Some ideas don’t arrive suddenly - they grow quietly over years
The four of us spent long stretches inside the familiar circles of teaching, training, and work. Those circles were wide enough to feel comfortable, but not wide enough to spark the change we wished to see. We realised that learning itself was trapped in a loop: fast, crowded, predictable, and losing its human pace. That realisation became the seed for Open Circle.
We are four friends who began on the same college campus, wandered into different worlds, and eventually found our way back to one another. Two of us come from academia, one from law and public service, and one from business. Different paths, different pressures, but a shared belief that learning could – and should – feel more alive.
Open Circle is the space we created to bring that belief to life. A space where learning slows down enough to sink in, where nature becomes part of the classroom, and where experiences matter as much as outcomes. Here, green meets blue, structure meets spontaneity, and ideas meet real-world practice.
Most of all, it is a space built by friends who still enjoy thinking, creating, and imagining together – reimagining learning for a media-rich, fast-moving world, and opening the circle so that others can join in.
How Circle lines opened up!
It began the way most good things at Open Circle – A Transformational Training House begin: slowly, warmly, and with a sense of play. There were no hurried deadlines, no pressure to “finalise something”; instead, there were long sits, relaxed calls, and chats that wandered the way real conversations about learning often do.
At the heart of these conversations was a simple thought: learning and living are not two separate journeys – they are the same circle, drawn again and again with deeper meaning each time.
Why Circles?
Circles kept returning to the discussion like an instinct.

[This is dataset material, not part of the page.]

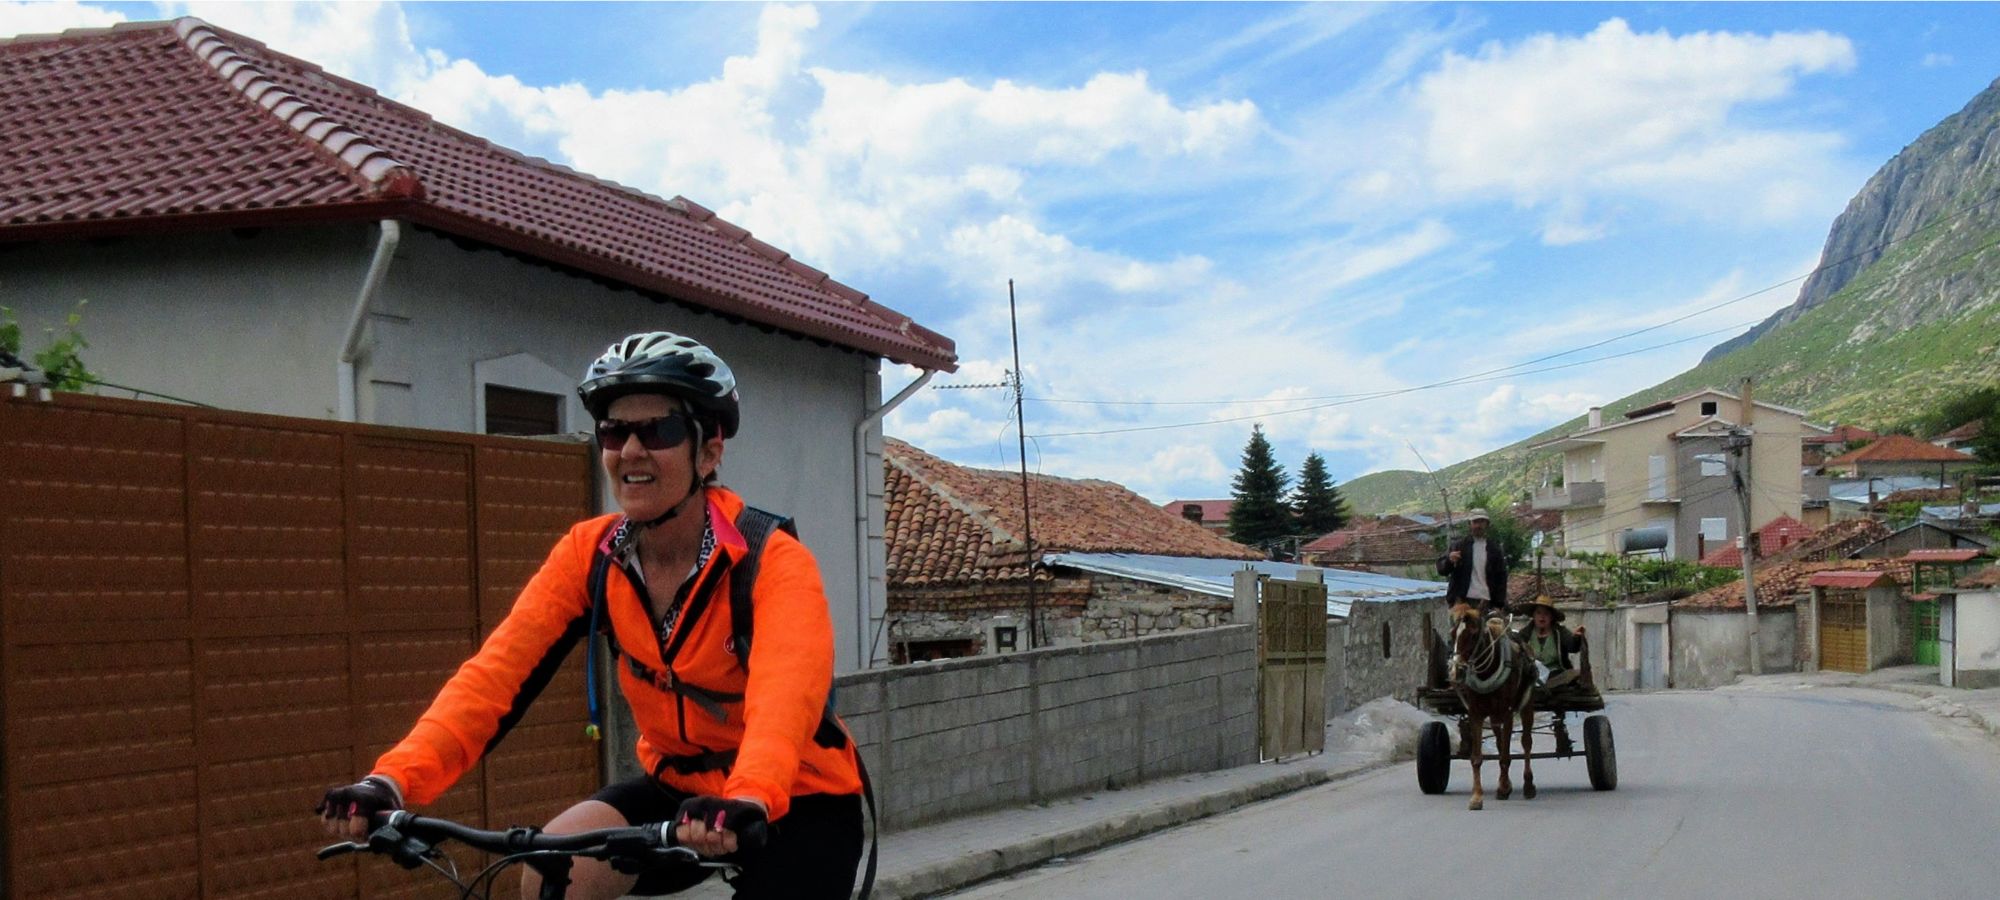 Cycling Holidays Albania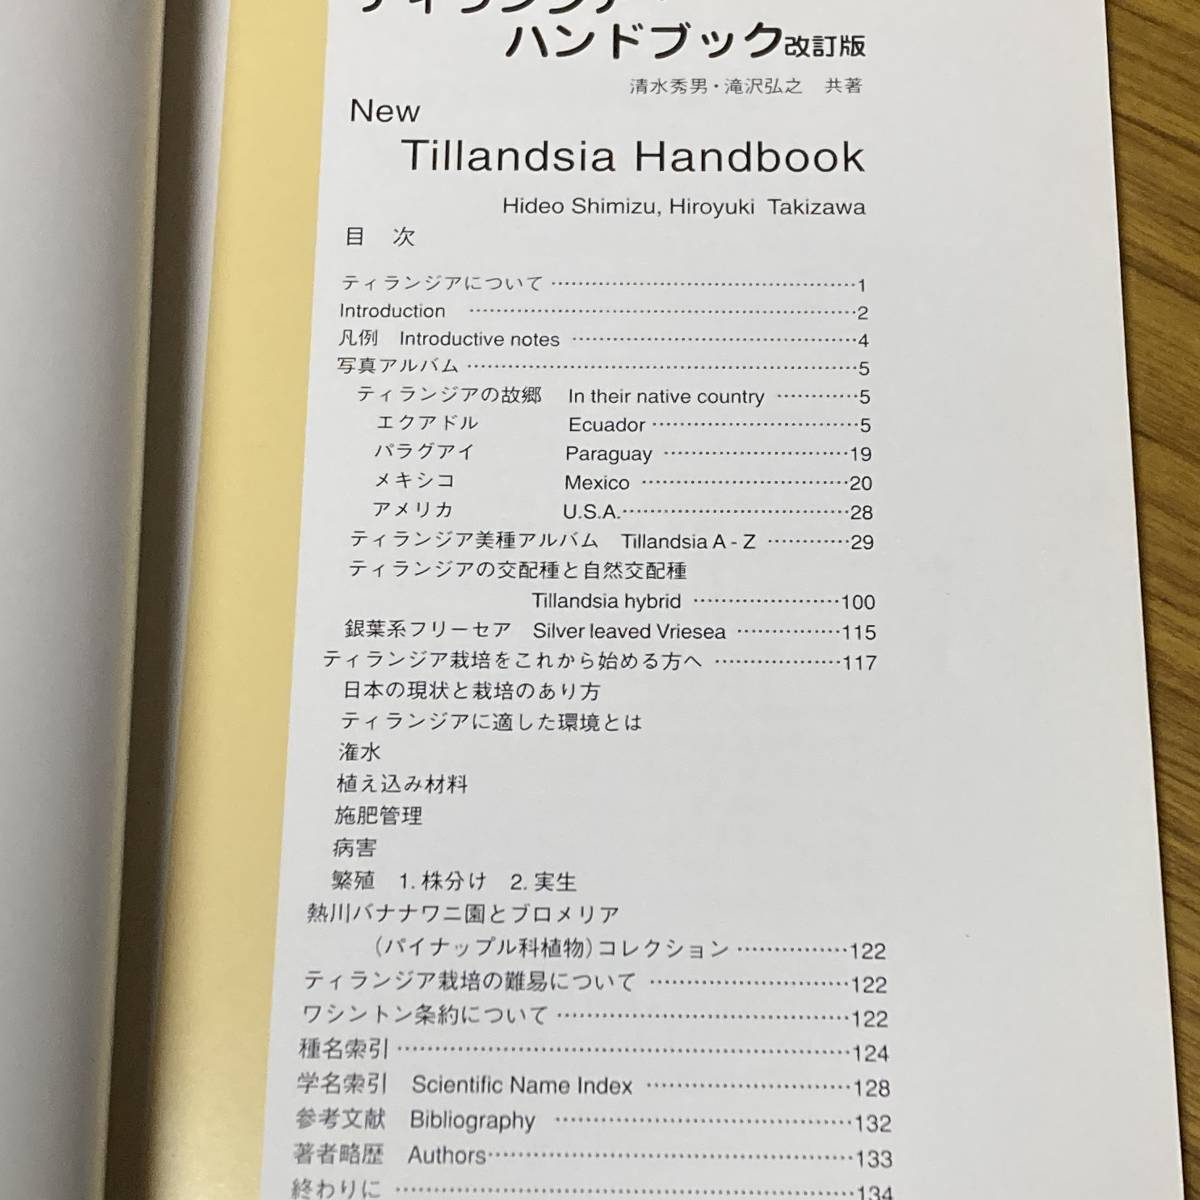 ti Ran jia hand book ( modified . version ) Shimizu preeminence man | work ....| work 1998 year Tillandsia[A11]

Circles speak of completeness, of cycles, of the way we revisit ideas, experiences, and relationships.
They repeat, but never mechanically. They look the same, but each loop carries a new layer of understanding. Just like life. Just like learning.
And so the circle became the soul of the logo.
Why Many Circles, Not One?
The Open Circle approach is not a single stroke. It is many strokes woven together –
the learner’s curiosity, the mentor’s guidance, the environment’s influence, the community’s energy.
As the design evolved, two sets of circles began to overlap and flow into one another.
This interlacing became the visual metaphor for the interconnectedness of living and learning. The logo stopped being a symbol and began to feel like a movement.
Why These Colours?
The choice of colours was deliberate:
Teal – the colour of growth, reflection, calm thinking, and intellectual honesty
Amber/yellow – the colour of warmth, conversation, optimism, and human connection
Together, they communicate what Open Circle stands for:
growth with warmth, structure with openness, learning with joy.
What the Final Logo Signifies
When the circles settled into their final form, what emerged, more than a design, became a story in itself:
- Two circles, two journeys – living and learning
- Interwoven lines – experiences influencing each other
- Continuous loops – repetition, reflection, refinement
- Open ends – an invitation to join, explore, and grow
- A balanced centre – where clarity, capability, and confidence meet
- It is not a closed circle.
- It is not a perfect one either.
- It is an open circle-alive, evolving, expanding.
- Exactly like the people who walk into this space.